Copy exactly the stretch of lines from the one holding "3 PCS Patio" through the last line of the data below, inclusive. Leave out pictures.

[Data block Boundary: Start]

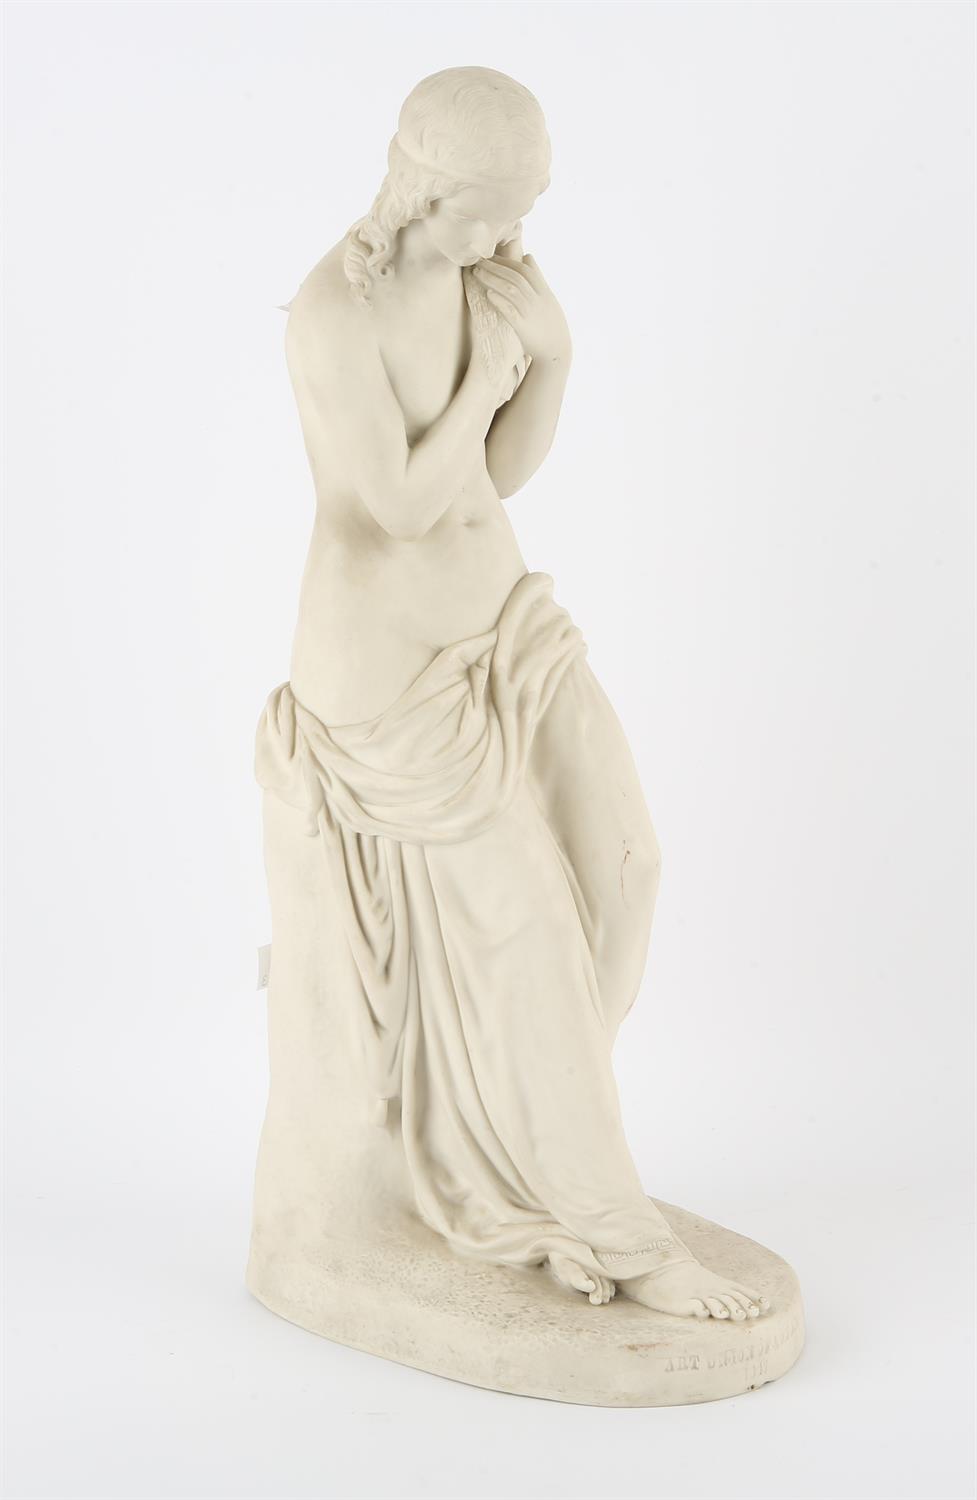 W. T. COPELAND FOR THE ART UNION OF LONDON, a Parian figure of Innocence after J.T.
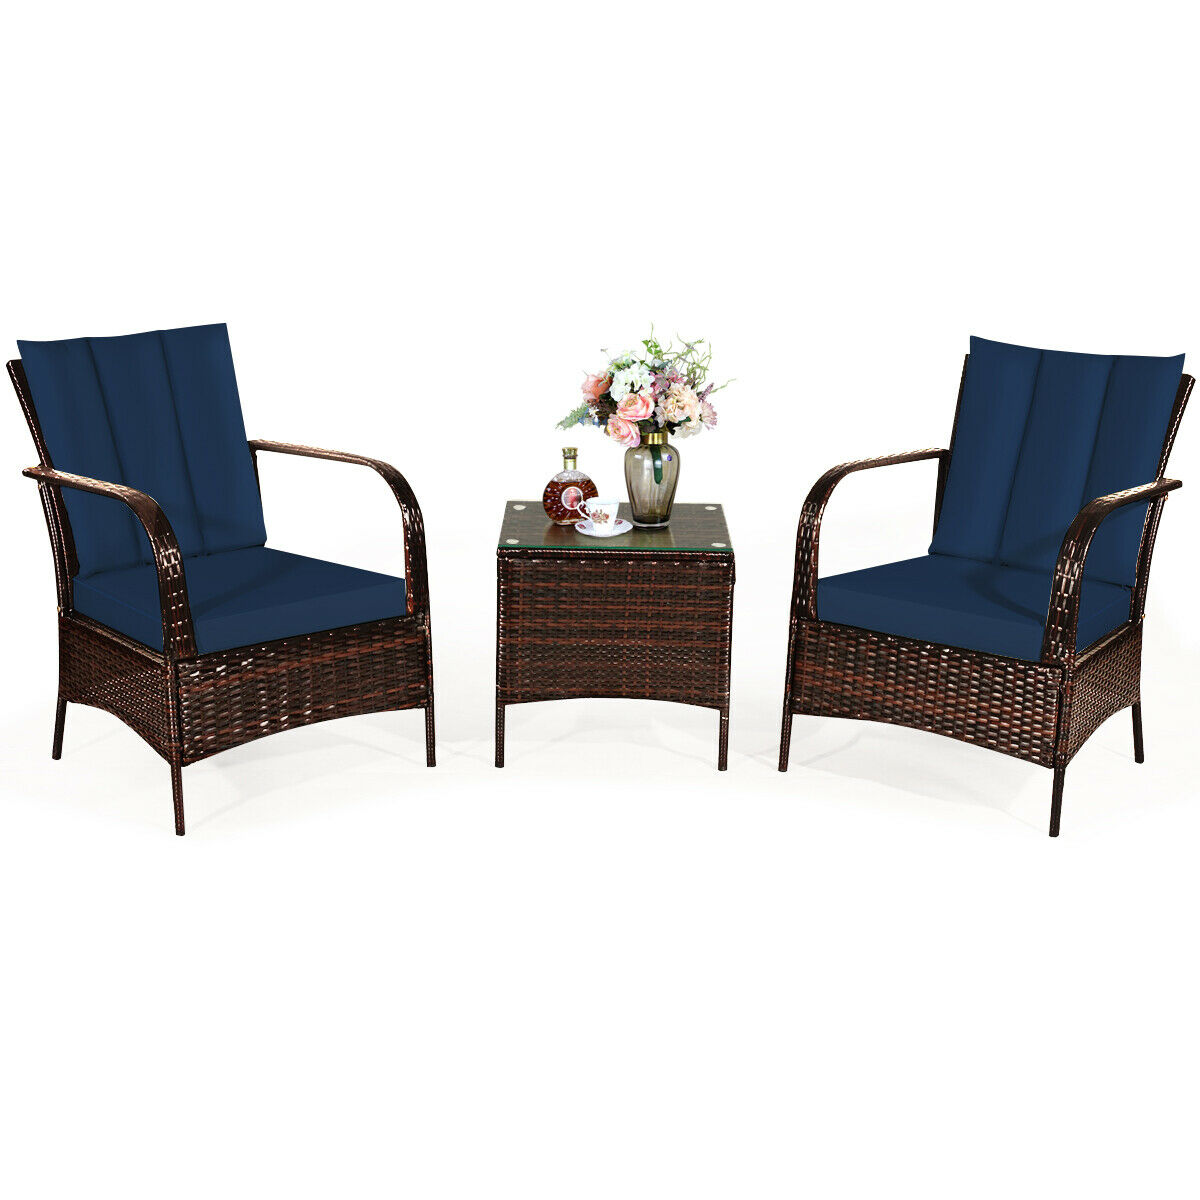 3 PCS Patio Rattan Furniture Set Coffee Table & 2 Rattan Chair with Cushions HW65850
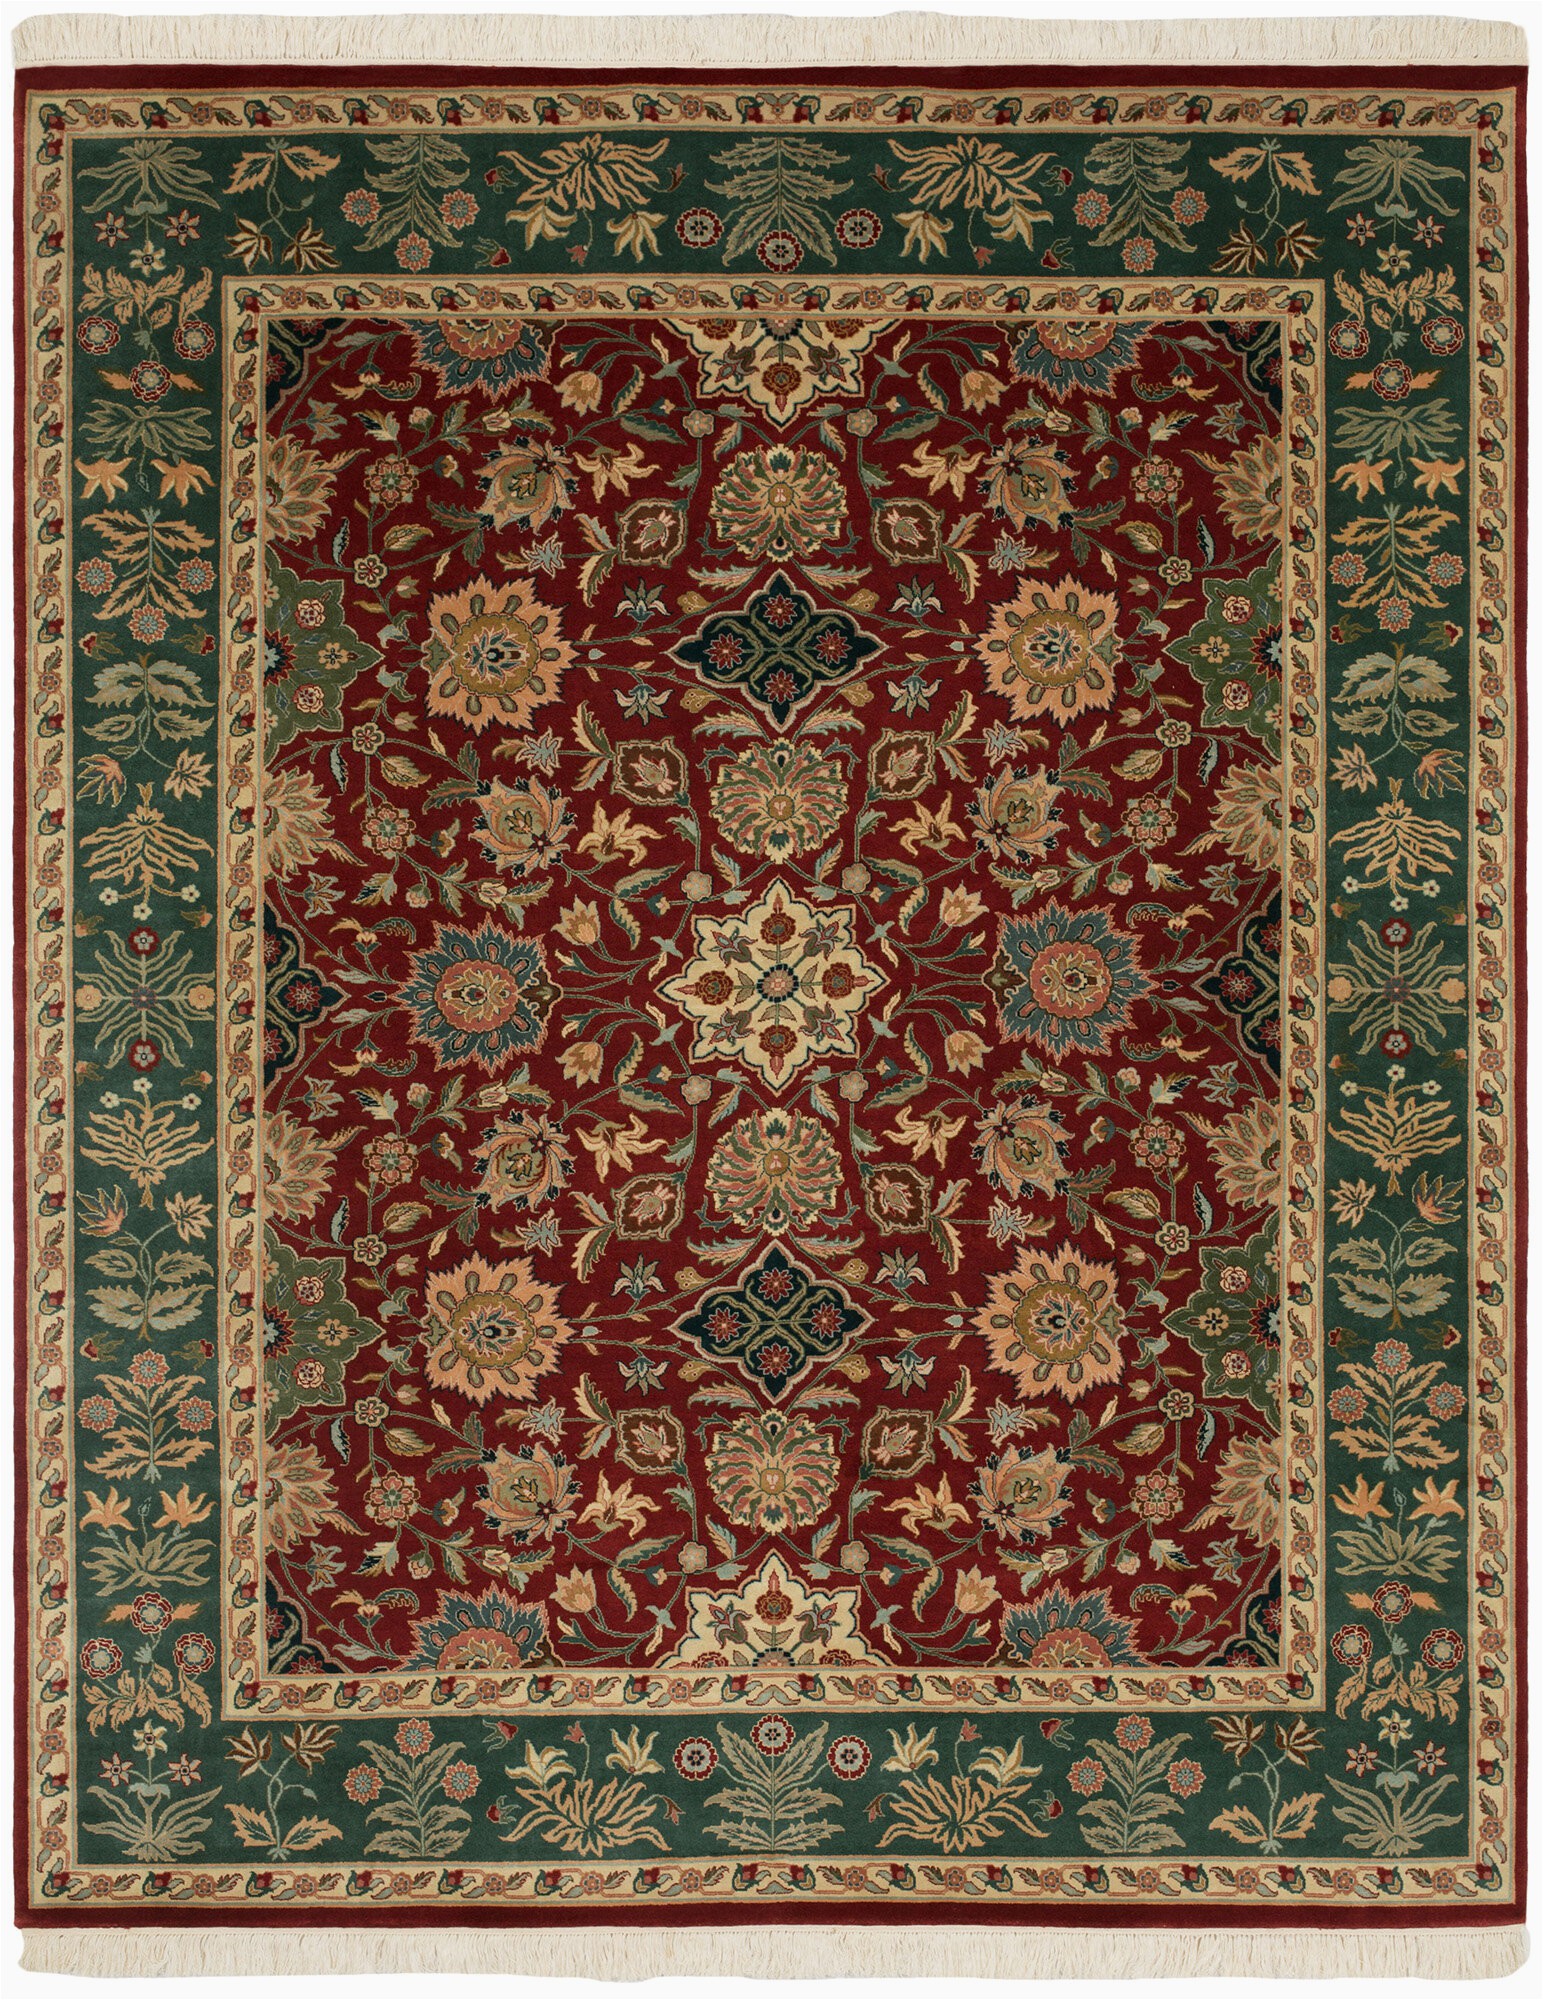 Green and Red area Rugs Ava Hand Knotted Wool Green Red Cream area Rug

[Data block Boundary: End]

**Written reply**
 3 PCS Patio Rattan Furniture Set Coffee Table & 2 Rattan Chair with Cushions HW65850
 Green and Red area Rugs Ava Hand Knotted Wool Green Red Cream area Rug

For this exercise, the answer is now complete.